Use the adaptations below when they apply to the task.
  • Enable
    otel
    in
    registerWorker()
    config to start collecting traces automatically
  • Add custom spans around expensive operations (DB queries, LLM calls, external APIs)
  • Create domain-specific metrics (orders processed, payment failures, queue depth)
  • Use
    currentTraceId()
    to correlate iii traces with external system logs
  • Configure
    OtelModule
    in iii-config.yaml for engine-side exporter, sampling ratio, and alerts
  • Point the OTLP endpoint at your collector (Jaeger, Grafana Tempo, Datadog Agent)
根据任务需求使用以下适配方式:
  • registerWorker()
    配置中启用
    otel
    ,开始自动收集追踪数据
  • 在耗时操作(数据库查询、LLM调用、外部API)周围添加自定义跨度
  • 创建领域特定指标(已处理订单数、支付失败数、队列深度)
  • 使用
    currentTraceId()
    将iii追踪数据与外部系统日志关联
  • 在iii-config.yaml中配置
    OtelModule
    ,设置引擎端导出器、采样率和告警规则
  • 将OTLP端点指向你的收集器(Jaeger、Grafana Tempo、Datadog Agent)

Engine Configuration

引擎配置

OtelModule must be enabled in iii-config.yaml for engine-side traces, metrics, and logs. See ../references/iii-config.yaml for the full annotated config reference.
必须在iii-config.yaml中启用OtelModule,才能收集引擎端的追踪数据、指标和日志。
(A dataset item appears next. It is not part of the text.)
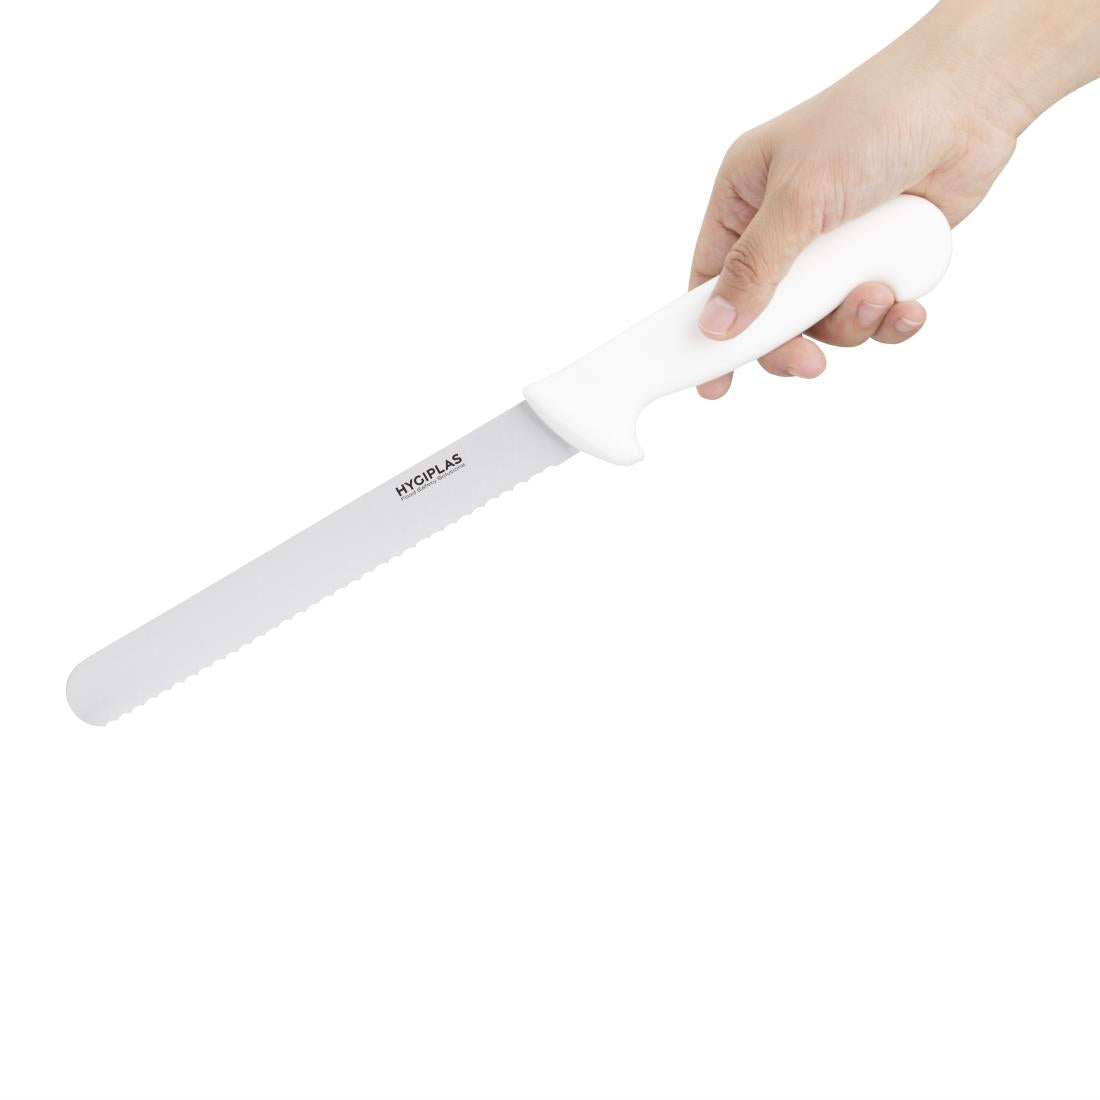 C882 Hygiplas Bread Knife White 20.5cm JD Catering Equipment Solutions Ltd

完整带注释的配置参考请查看../references/iii-config.yaml

Pattern Boundaries

模式边界

  • For engine-side OtelModule YAML configuration, prefer
    iii-engine-config
    .
  • For SDK init options and function registration, prefer
    iii-functions-and-triggers
    .
  • Stay with
    iii-observability
    when the primary problem is SDK-level telemetry: spans, metrics, logs, and trace propagation.
  • 对于引擎端OtelModule的YAML配置,优先使用
    iii-engine-config
  • 对于SDK初始化选项和函数注册,优先使用
    iii-functions-and-triggers
  • 当核心问题是SDK级别的遥测(跨度、指标、日志和追踪传播)时,使用
    iii-observability

When to Use

使用场景

  • Use this skill when the task is primarily about
    iii-observability
    in the iii engine.
  • Triggers when the request directly asks for this pattern or an equivalent implementation.
  • 当任务主要涉及iii引擎中的
    iii-observability
    时,使用本技能。
  • 当请求直接要求此模式或等效实现时触发。

Boundaries

边界限制

  • Never use this skill as a generic fallback for unrelated tasks.
  • You must not apply this skill when a more specific iii skill is a better fit.
  • Always verify environment and safety constraints before applying examples from this skill.
  • 切勿将本技能作为无关任务的通用 fallback。
  • 当有更特定的iii技能更合适时,不得使用本技能。
  • 在应用本技能中的示例前,务必验证环境和安全约束。